Debbie Stark, deputy director for Public Health England in the South West, told the press conference that anyone who may have been in any of the cordoned-off areas after 10pm last Friday should take some precautionary measures about washing clothing and cleaning jewellery.
Asked how the 10pm cut-off period had been reached, Ms Stark said: “The scientific advice we are working from relates to the onset of symptoms for one of the cases and counts back to the longest period we would have expected exposure to cause those symptoms, so that is why we have come up with the time.”
The Sun Says
THE World Cup was working so well as a PR campaign for Vladimir Putin. Now two more victims lie stricken by his assassins’ Novichok in a Salisbury hospital.

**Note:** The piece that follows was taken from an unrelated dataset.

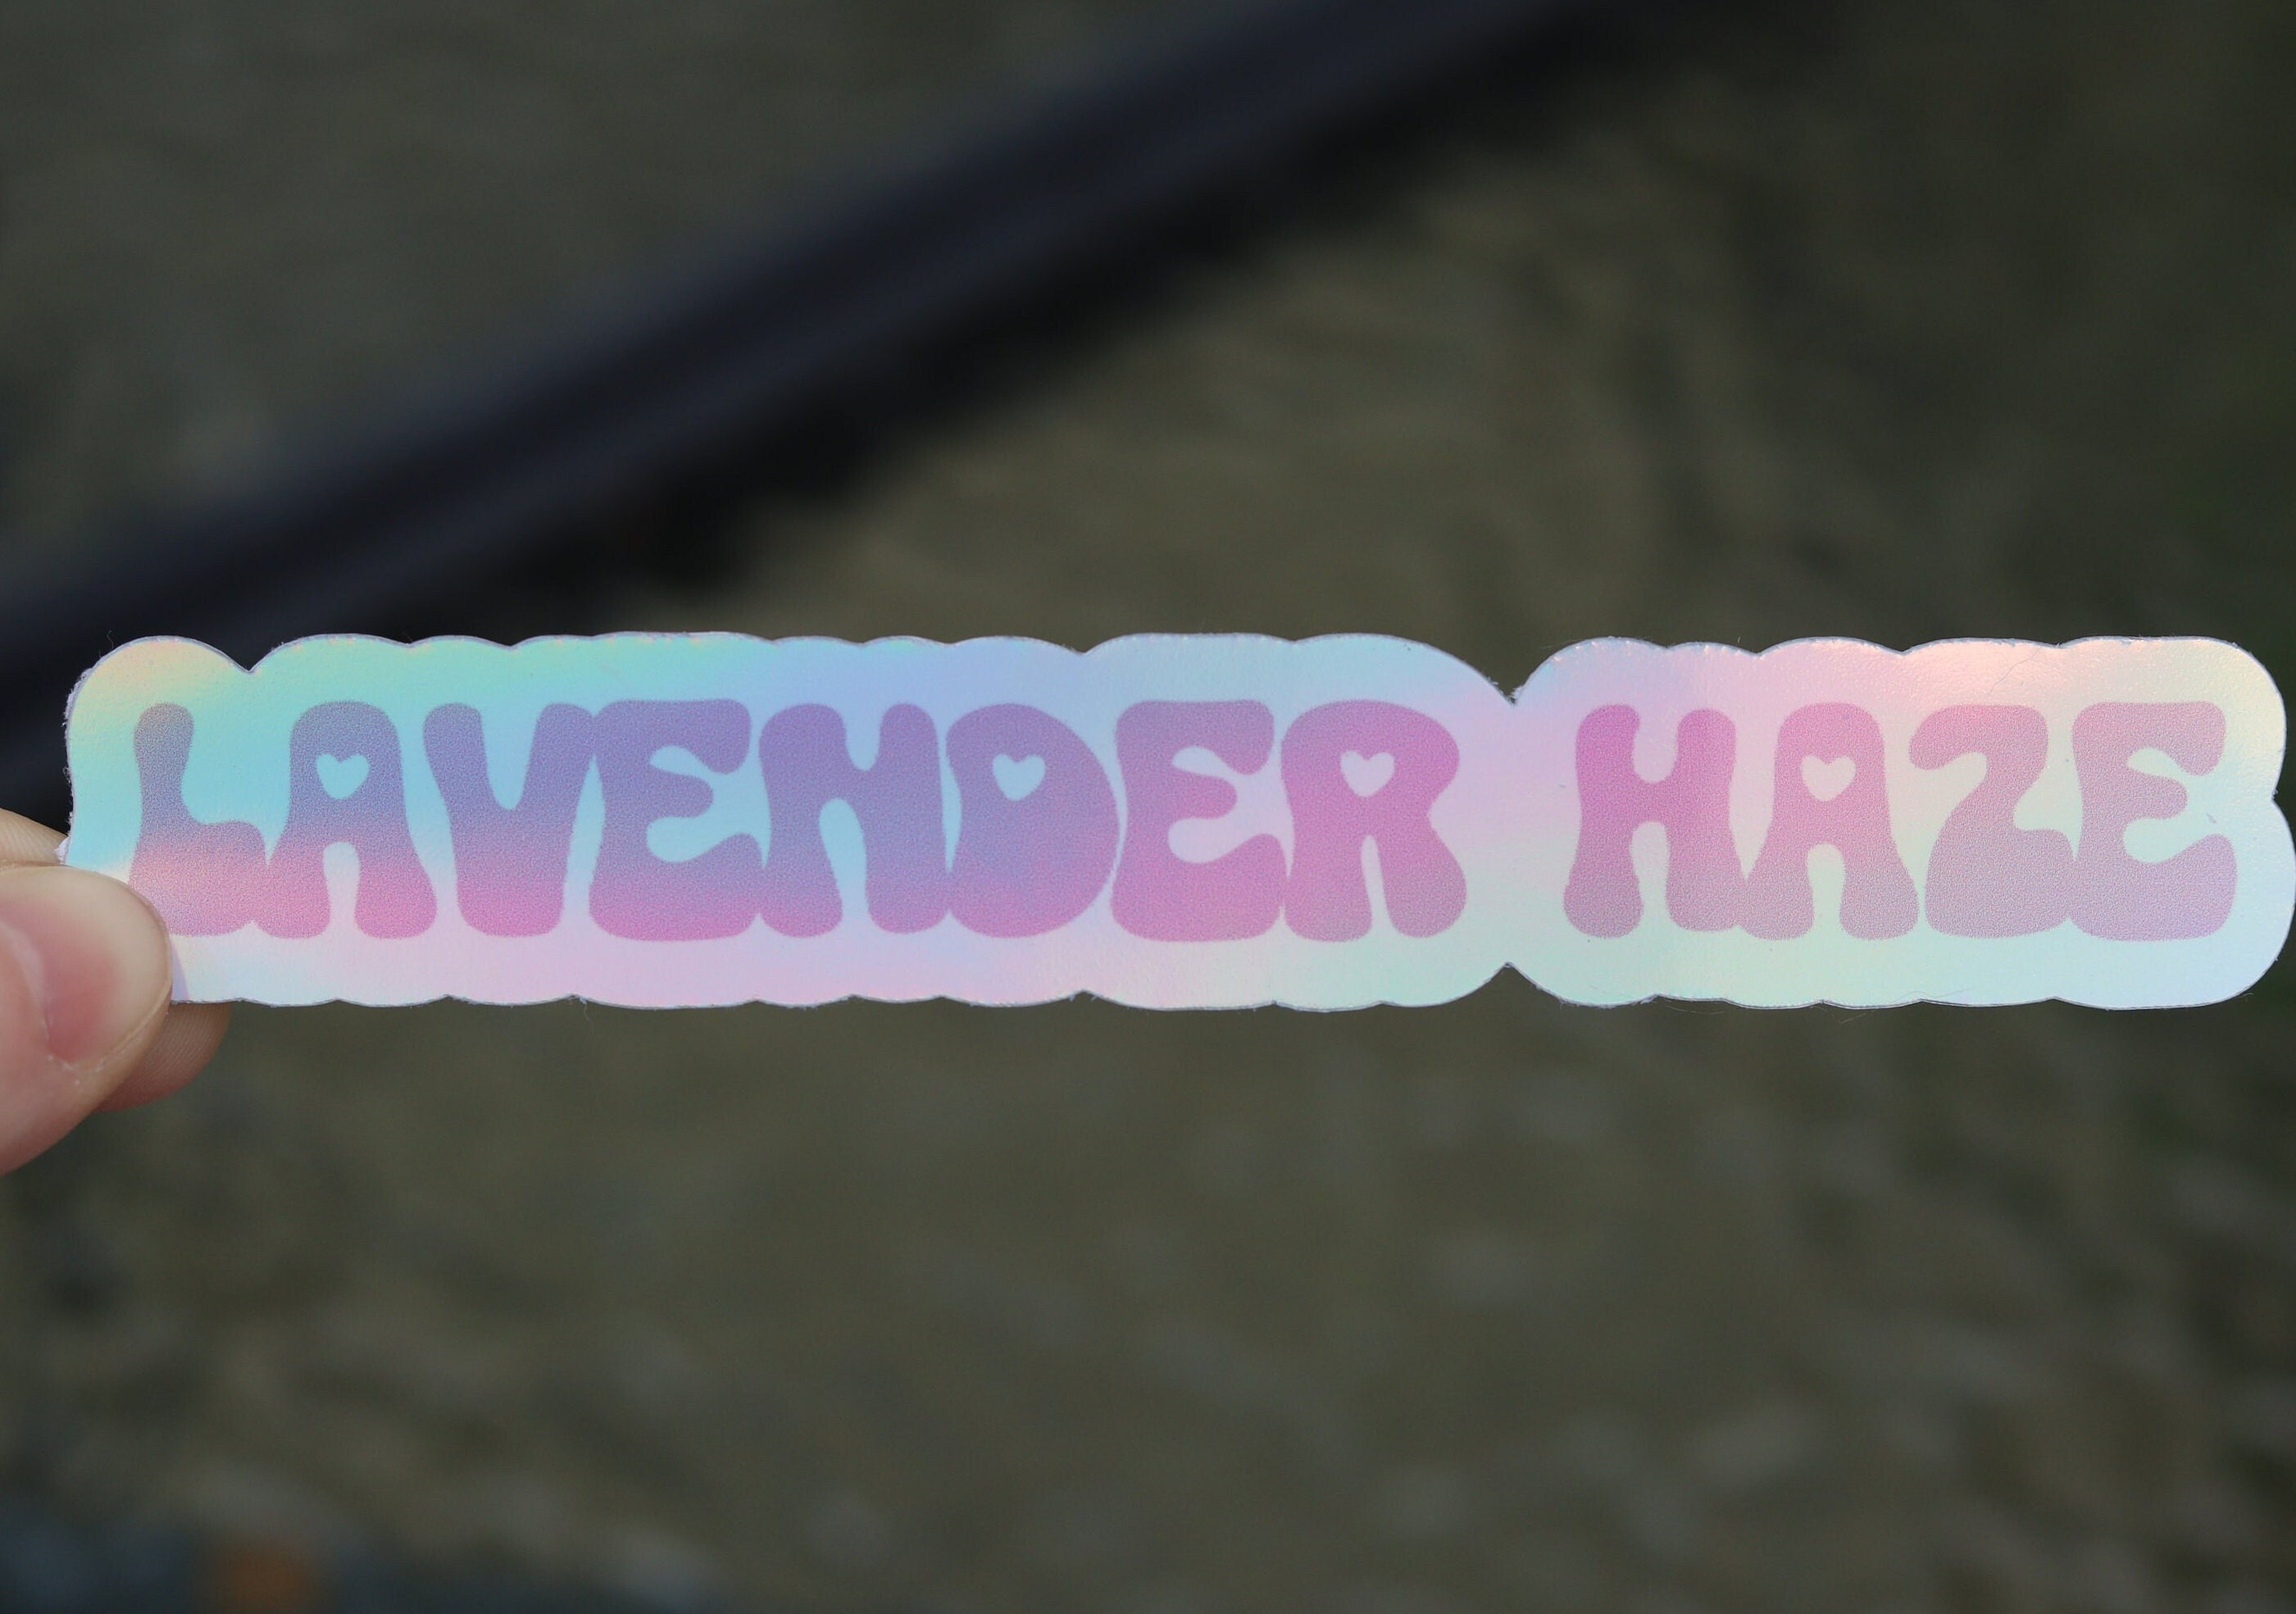 Lavender Haze Holographic Stickers  Taylor Swift Vinyl Stickers –  handsomeprintsdesign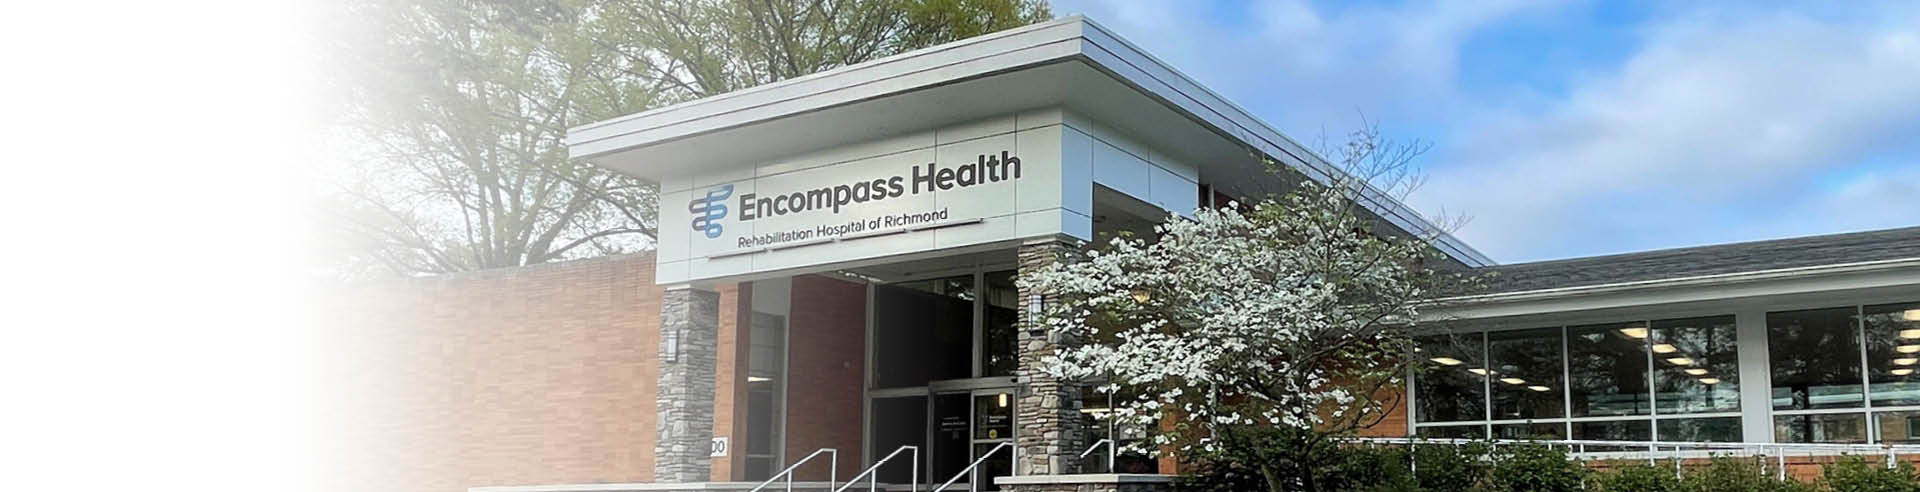 Exterior image of Encompass Health Rehabilitation Hospital of Richmond

If this was a new attack, we would have to sever diplomatic relations with Russia.
But it looks as if Dawn Sturgess and Charlie Rowley handled discarded nerve agent from the earlier outrage.
Our Government can demand to know from the Kremlin where its would-be killers threw away more of this horrific poison.
But it will get nowhere. Russia has to maintain its innocence.
So we must hope the couple survive.
We must get Salisbury back on its feet once again, ensuring tourism continues and its businesses stay afloat.
And we must remind the world to keep pressure on Russia’s criminal elite.
The country hosting this slick and scintillating football tournament is still a gangster regime which twice now has unleashed appalling harm on British soil.